Further data can be analyzed using Oracle Cloud Infrastructure Data Science service. AI models can be built, trained, and deployed using high-performance low-cost GPU compute. Custom outgoing web hooks are built to push data assets to end users using a secured endpoint and identity service.
- Use a private virtual cloud network to deploy services and use a security list and NSGs to restrict unintended access.
- Use OCI Identity and Access Management to apply the principal of least privilege and role-based access controls.
- OCI API Gateway enables you to publish APIs with private endpoints that are accessible from within your network, and which you can expose to the public internet if required.
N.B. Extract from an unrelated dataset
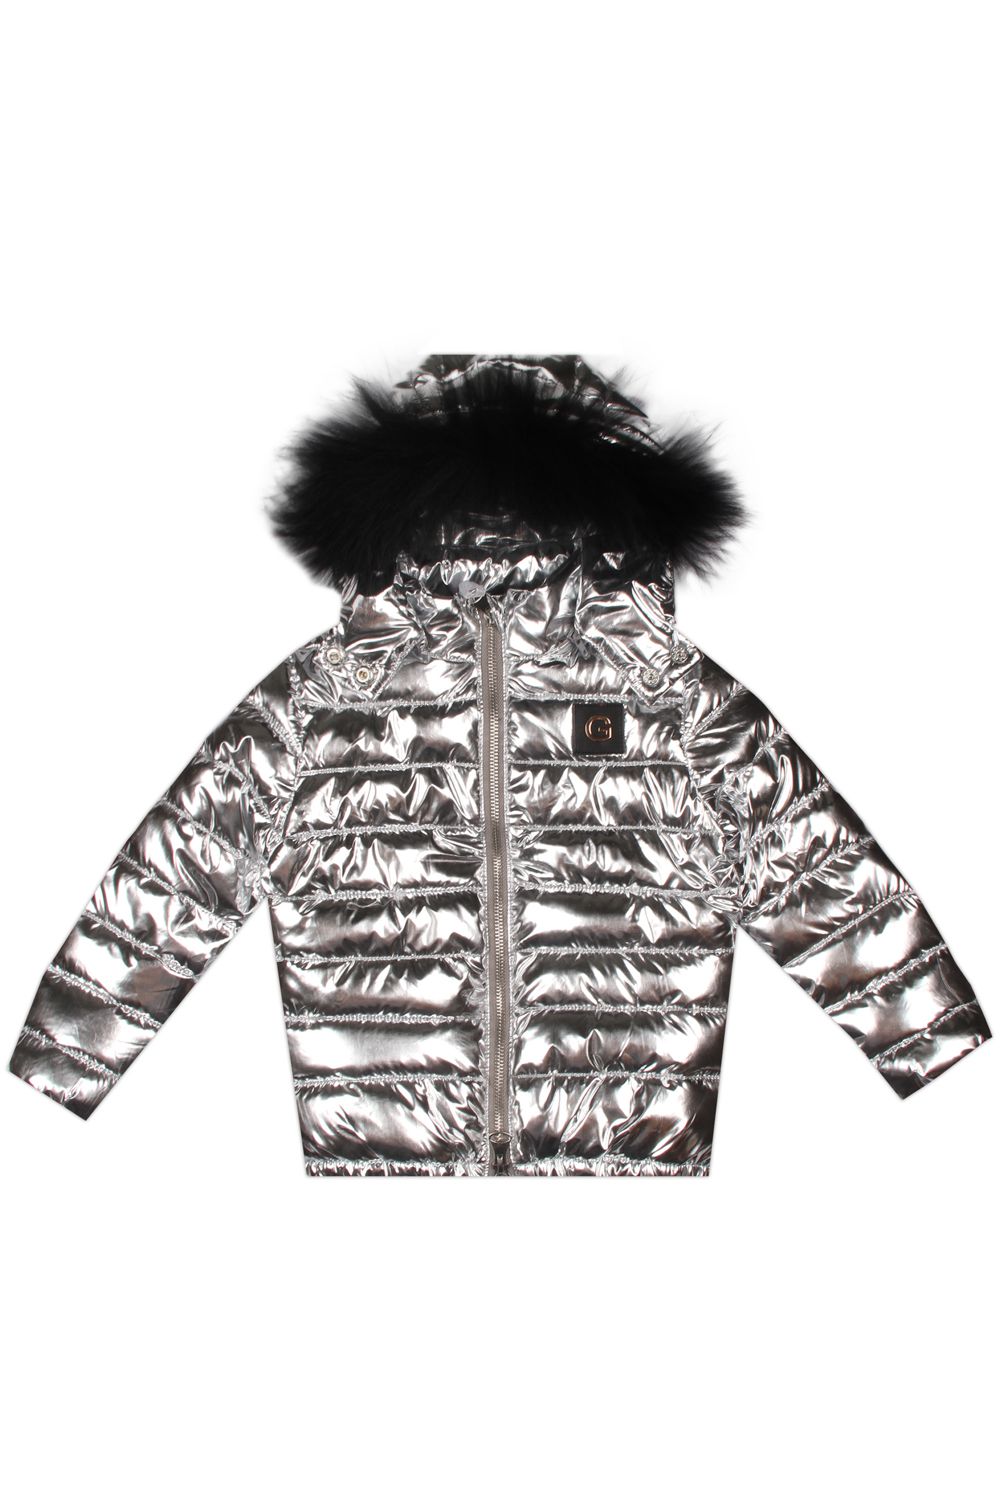 Куртка Gaialuna, размер 114, цвет серый G938/1 - фото 1
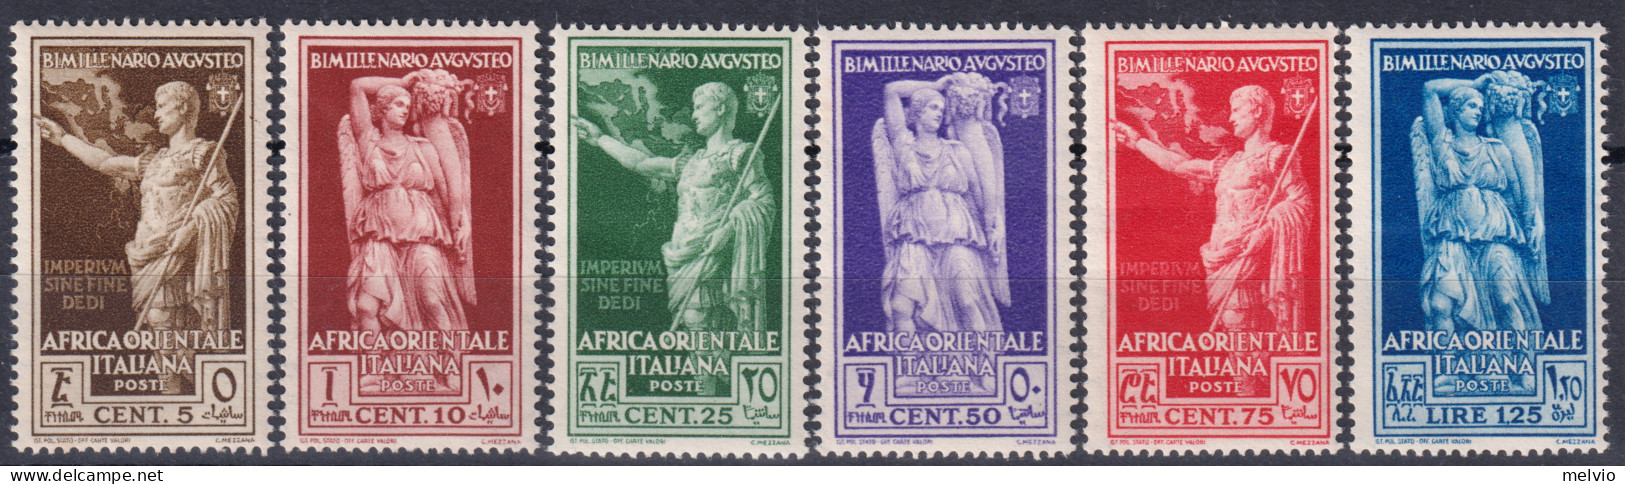 1938-Africa Orientale Italiana (MNH=**) Serie 5 Valori Augusto (21/6) - Italian Eastern Africa

The endpoints support API validation, request and response transformation, CORS, authentication and authorization, and request limiting.
- OCI ensures regulatory compliance with major standards, including HIPAA and FedRAMP, providing a secure foundation for protecting sensitive data.
- Use open-source technology to avoid vendor lock-in on OCI such as LangChain, REST API, Functions, and build an abstraction layer on top to accelerate innovation and transformation.